Welcome to Part 2 of our Off-Season Training guide: Aerobic v. Anaerobic training, which should I focus on?
Your body has different energy systems that work together to fuel your hockey performance. Although hockey is primarily an anaerobic sport, a strong aerobic base allows you to work longer and at a higher intensity by postponing fatigue and allowing a speedy recovery. The aerobic system provides energy for low- and moderate- intensity exercise and helps the body recover from fatigue. For example, a 1-hr bike ride at a comfortable pace is fueled mainly by the aerobic system. Hockey is characterized by repeated bouts of high- intensity action interspersed with periods of moderate activity and rest. The aerobic energy system supplies only a small portion of the energy needed during moderate activity, but it is critical for efficient recovery between play stoppages and during time on the bench. Aerobic conditioning can be improved through submaximal continuous exercise and through high- intensity, intermittent exercise. Submaximal continuous exercise at 75-80 % of your maximum heart rate for 30 to 60 minutes will improve your heart’s ability to deliver oxygen to the muscles for energy and will allow the body to recover more quickly from intense efforts. Intermittent aerobic condioning, using a series of 2-3 minutes if higher intensity exercise interspersed with 2 to 3 minutes of rest builds up the aerobic supply system and increases the muscles ability to extract oxygen from the blood.
There are two different types of programs to build aerobic fitness:
- Continuous, moderate intensity, long duration programs
- Intervals of high intensity work followed by easy recovery intervals of 1,2, or 3 minutes grouped into various packages of time
For interval programs, the training load can be increased in a number of ways:
- Increasing the duration of work intervals from 1 to 2 to 3 minutes
- Increasing the intensity of each work interval
- Decreasing the time of the recovery interval
- Increasing the intensity of the work interval
- Increasing the number of work/recovery intervals
On the other side of things, the anaerobic systems produce energy very quickly to meet the demands of intense action, such as the slap-shot, sprinting on a breakaway, or stops-and- starts while penalty killing. These systems utilize the ATP-PC (phoshagen) system and the glycolytic system for energy. In hockey, although the game itself lasts for about an hour, the players are usually only on the ice for high- intensity shifts of approximately 30 to 45 seconds (ideally). Most teams have 3 to 4 lines, allowing for a 1:2 or 1:3 work-to-rest ratio. However, depending on the situation (e.g., penalty killing, power plays or missing player), key players often work within a 1:2 or 1:1 work-to-rest ratio. Due to the nature of hockey, it is important to train anaerobically.

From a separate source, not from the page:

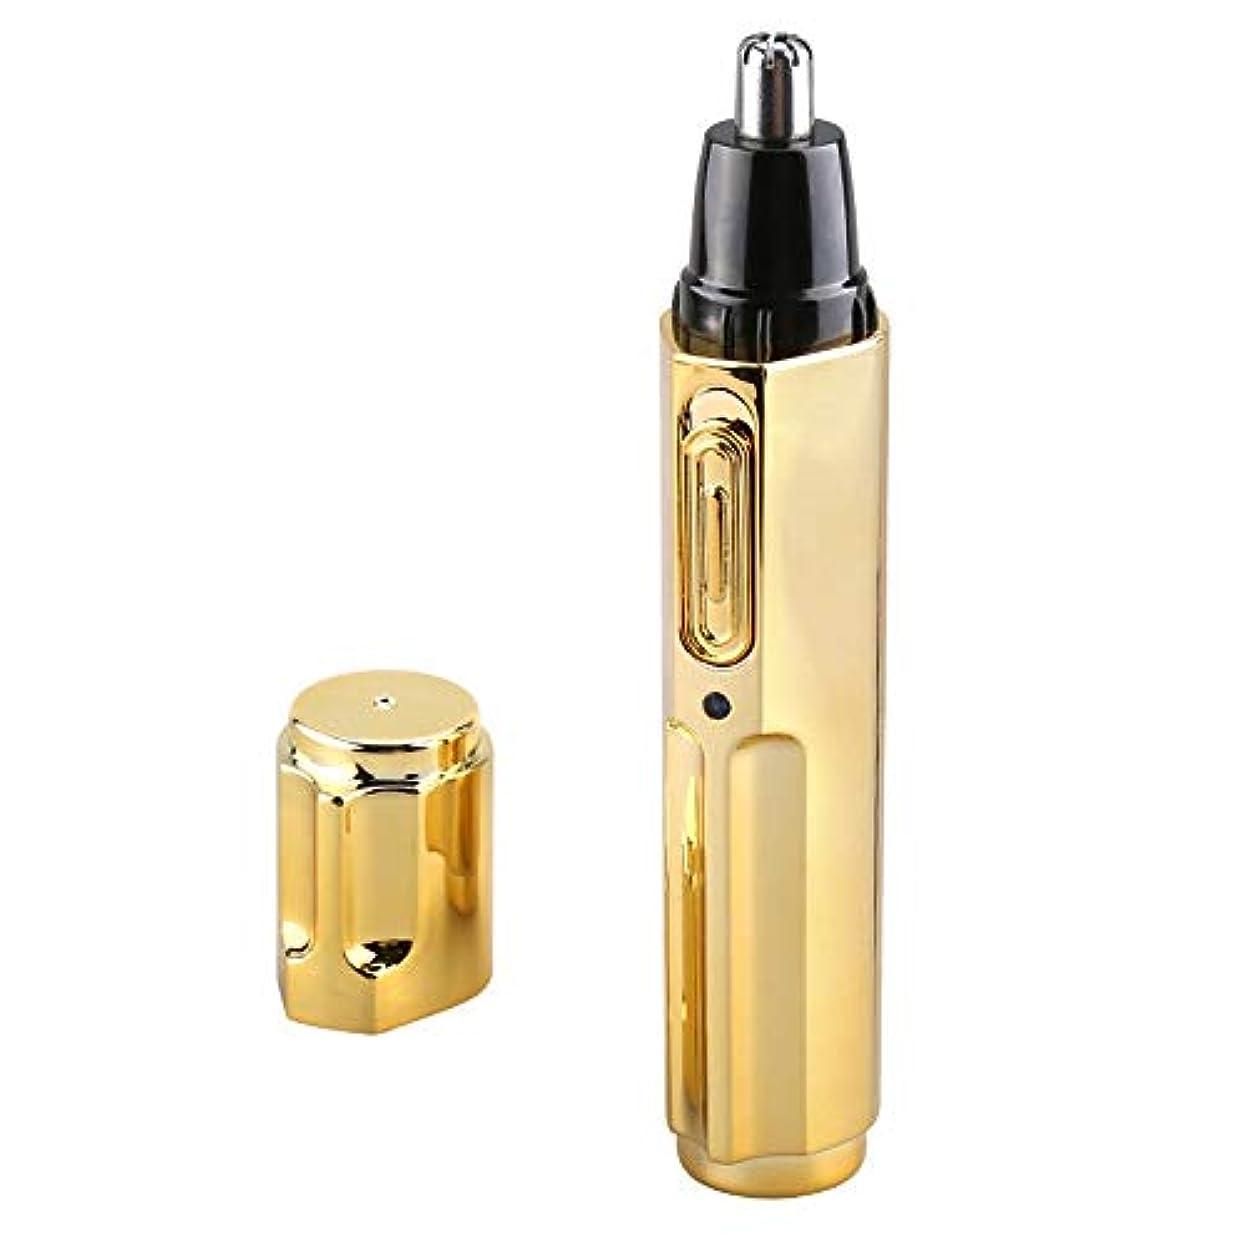 イブニングとは異なり口径鼻毛トリマー/充電式電動鼻毛トリマー/鼻孔クリーナー/ 13 * 2.8cm 使いやすい
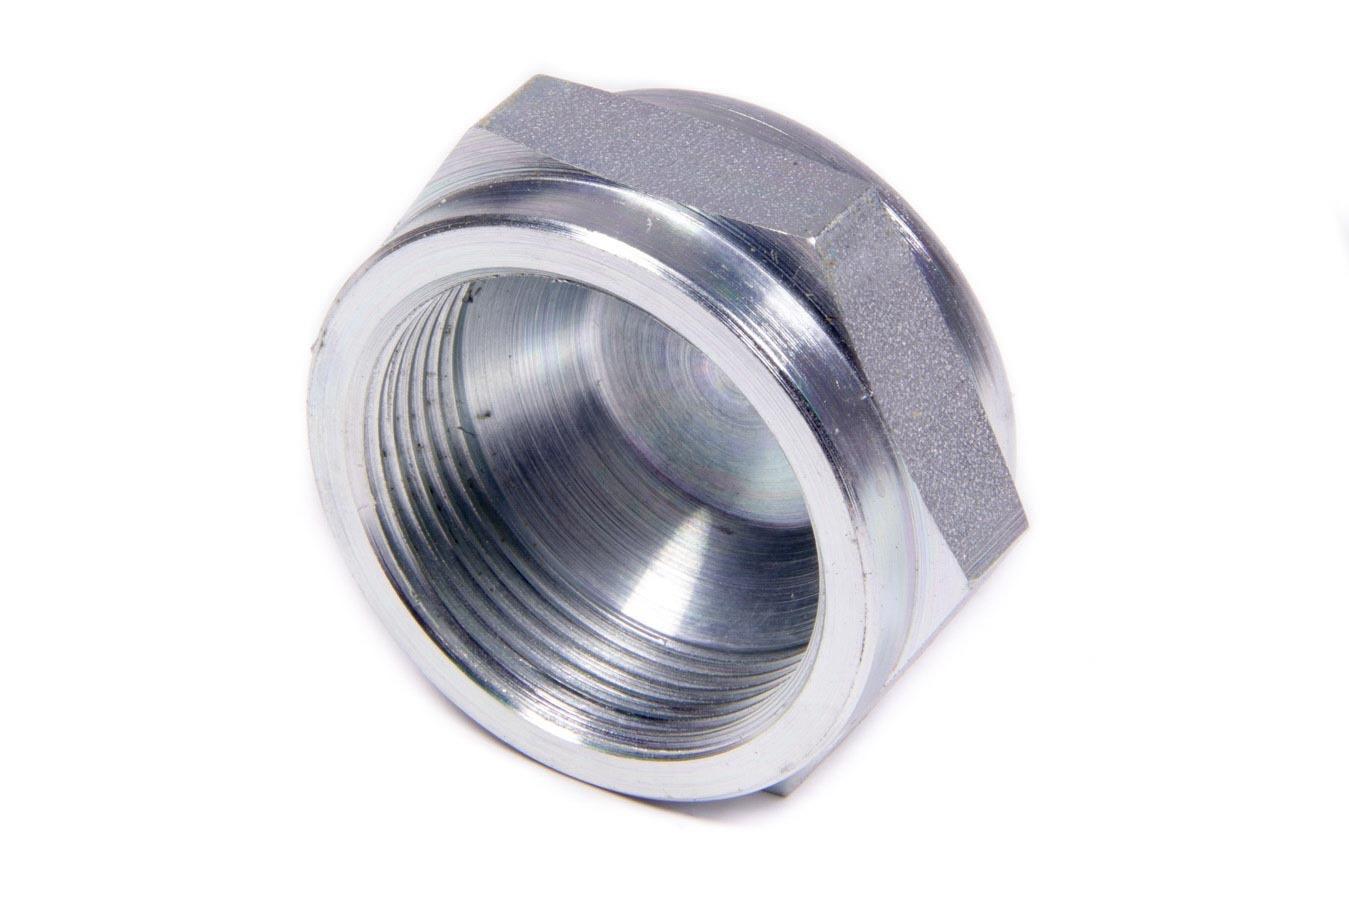 Aeroquip FCM3567 Fitting, Cap, 20 AN, Steel, Zinc Oxide, Each

The ATP-PC system provides immediate energy, in the form of ATP, for short-term, high- intensity activities for up to 10 seconds. The glycolytic system provides energy for longer high- intensity activities ranging from 10 seconds to 2 minutes. This level of training corresponds directly to the physiological requirements of the game. To develop anaerobic energy systems, we will utilize sprint interval training. These involve full-out, high- intensity, high-speed intervals followed by rest or active recovery. We will use sprints ranging from less than 10 seconds to around 30 seconds, with a 1:2 or 1:3 work-to-rest ratio. [For example, a 1:2 work-to-rest ration involves sprinting all-out for 30 seconds, active recovery for 1 minute, then sprinting full out again.] Towards the end of the training program, you should make an attempt to progress to 1:1 work-to-rest ratios, especially if you are a defenseman or part of the special team units.